About the project
The goal of my project is to find similar songs to a song with the NLP
methods. For now I worked with spacy for extracting repeating nouns and adjectives from
lyrics, as well as with textblob for the sentiment analysis of lyrics.
I plan to expand this project with new methods in the future.
For all methods I only consider the lyrics of the songs, and not other information like
the genre of the song.
I am working alone on this project and it is my project work for my university class
"Advanced Natural Language Processing with Python": https://esther.seyffarth.one/classes/2021-advanced-nlp/.
The data
For my project I created a corpus of lyrics which I cannot include do to copyright
reasons. However, now follow instructions on how you can create a corpus for
this project yourself.
I created my corpus in XML and used https://genius.com/ as the source for the lyrics.
You can see how my corpus is structured in the corpus_example_structure.xml file.
Because I wanted to work with XML, it was the easiest way for me to just copy and paste
the lyrics and delete "Chorus", "Verse", "Bridge" etc., so that it is just one connected
text. I thought about using a web scrapper but since I wanted the exact structure you
can see in the file, using it would have been more time-consuming.
How you can try out the code yourself
You can find all the packages I used for this project in the requirements.txt file which
you can install with the following command: pip install -r requirements.txt.
The linter I used is also included in the file in case you want to change and add to the code but keep the code style. I decided to follow Google's style and therefore used pylint.
I tried out three different methods to find similar songs. You can combine all of them
or only use one or two. First, I will explain how you work with all methods, for the
use of the single methods see below.
All methods
If you open the folder code, you will see eight files.

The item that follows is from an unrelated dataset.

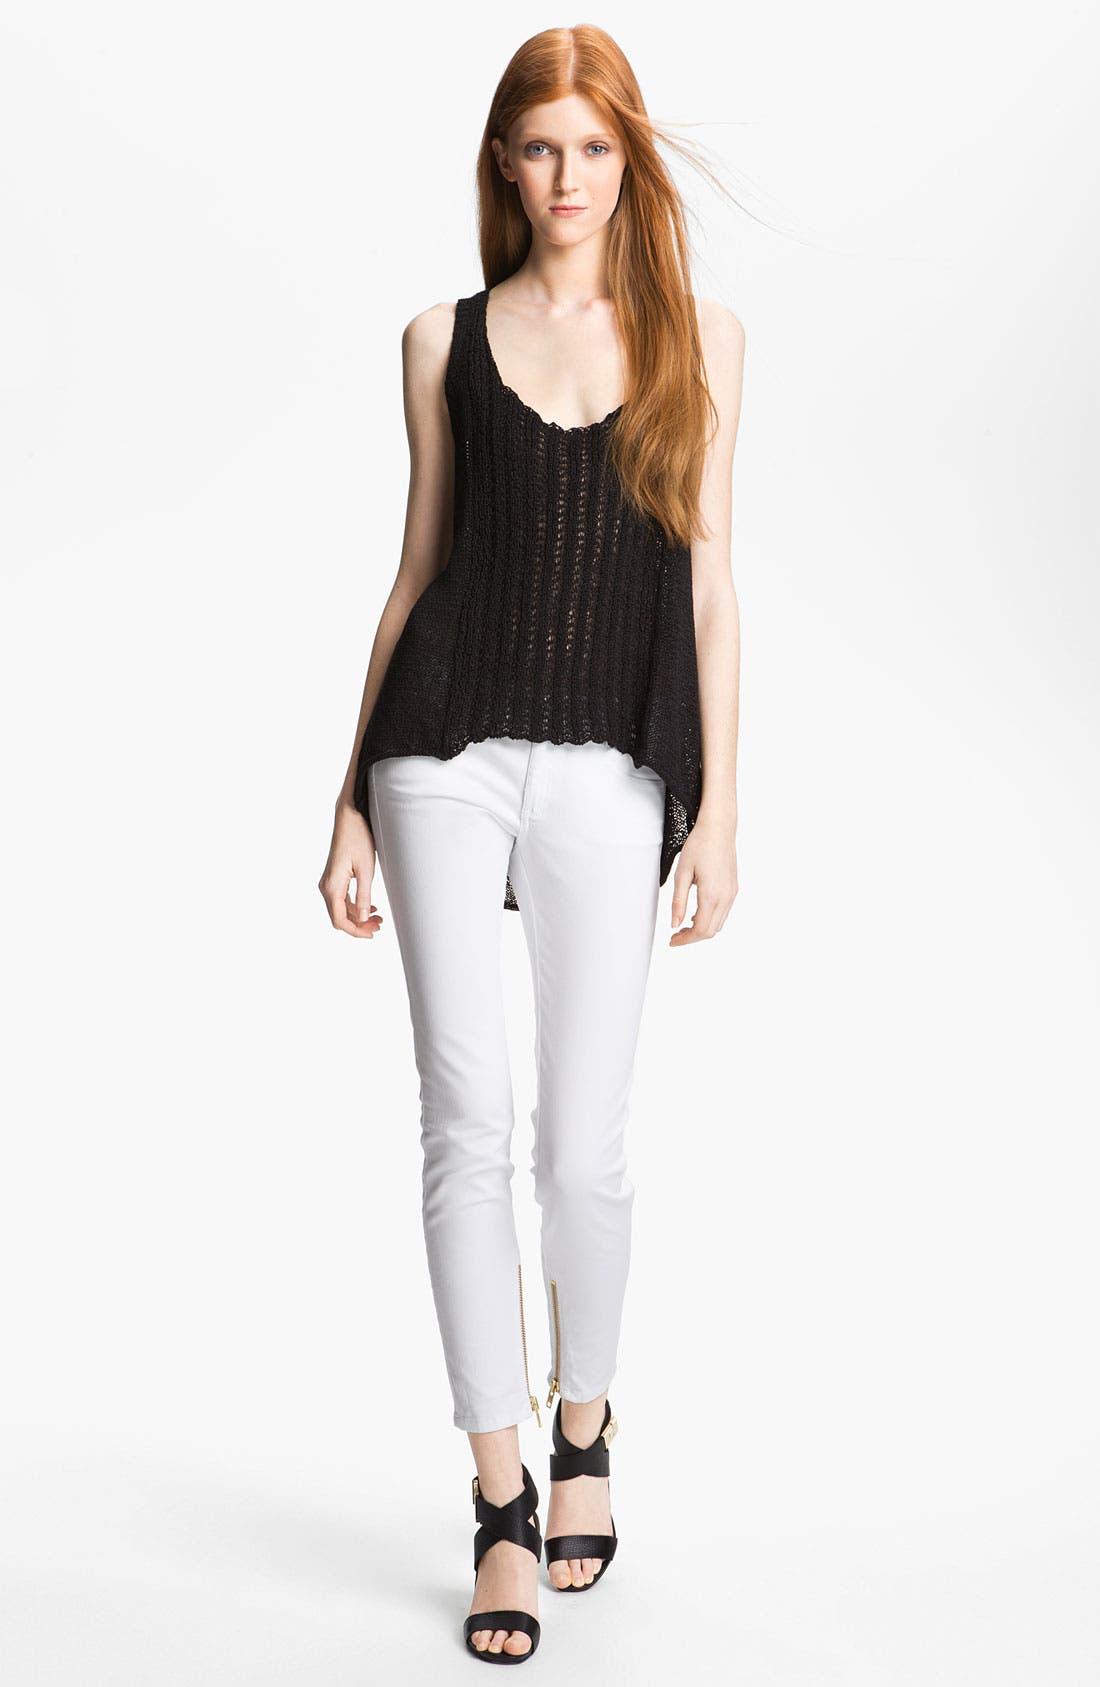 Alternate Image 1 Selected - Rachel Zoe 'Harley' High/Low Knit Tank

The module song_information.py is needed for all other files, so you might
want to open that first. The modules lyrics_adjectives.py, lyrics_sentiment.py
and lyrics_topics.py contain functions needed for the different approaches.

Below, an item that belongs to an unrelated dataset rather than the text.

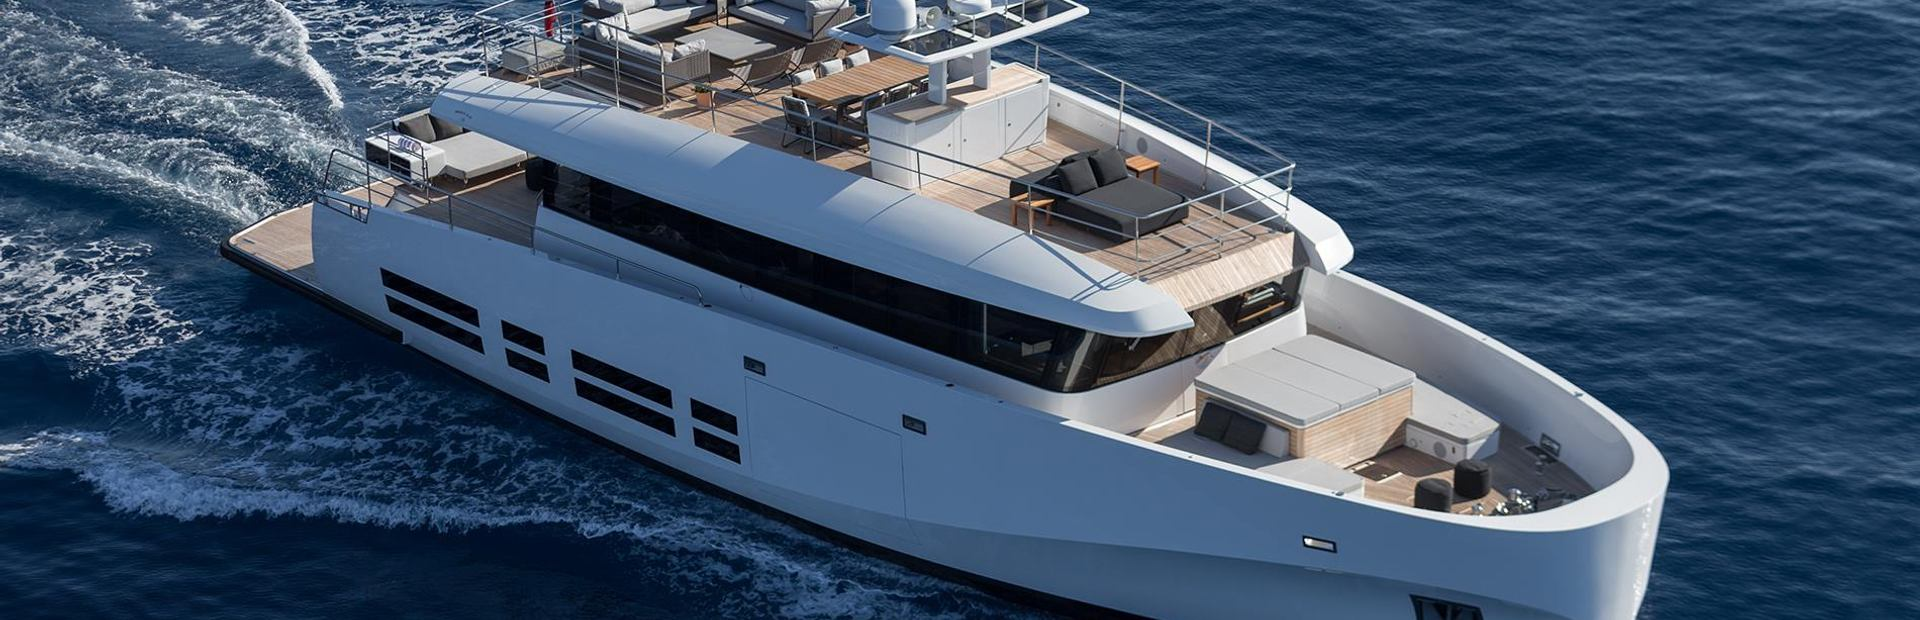 27 WallyAce Yacht Charter

If you do not want to try out every method seperately but directly see the results
of all methods combined and compared, you should open all files and run the file results_combined.py. For the code it is necessary that you add the path to your corpus
and the path to the directory in which you want to save the results to the files topics_analysis.py, adjectives_analysis.py, sentiment_analysis.py and combined_results. You can easily find where you have to insert your path by searching for "PATH". You still need to comment in those lines.
If you run the file results_combined.py code you will export the data frames
with all results.
If you want to try out each method seperately first (recommended) and also use the query functions
with which you can for example get song recommendations for single songs or find songs
about a certain topic, you can also take a look at the next section where I explain how
to use each method independently.
Single methods
Find similar songs based on main topics
This is the first method for finding similar and you need to open the file
topics_analysis.py and the modules song_information.py and lyrics_topics.py for this.
These are all the files you need to
find similiar songs based on the same main topics. Check out the files for further explanations
and example queries. Do not forget to add the path to your corpus
and the path to the directory in which you want to save the results, to the file topics_analysis.
You can easily find where you have to insert your path by searching for "PATH". You still need to comment in those lines.
NLP method: extract main topics from a text with spacy
Find similar songs based on repeating adjectives
This method is based on the first method and has similar but fewer functions.
For this method you only need the modules song_information.py, lyrics_adjectives.py and the file adjectives_analysis.
Check out the files for further explanations and example queries.
Do not forget to add the path to your corpus and the path to the directory in
which you want to save the results, to the file adjectives_analysis.
You can easily find where you have to insert your path by searching for "PATH". You still need to comment in those lines.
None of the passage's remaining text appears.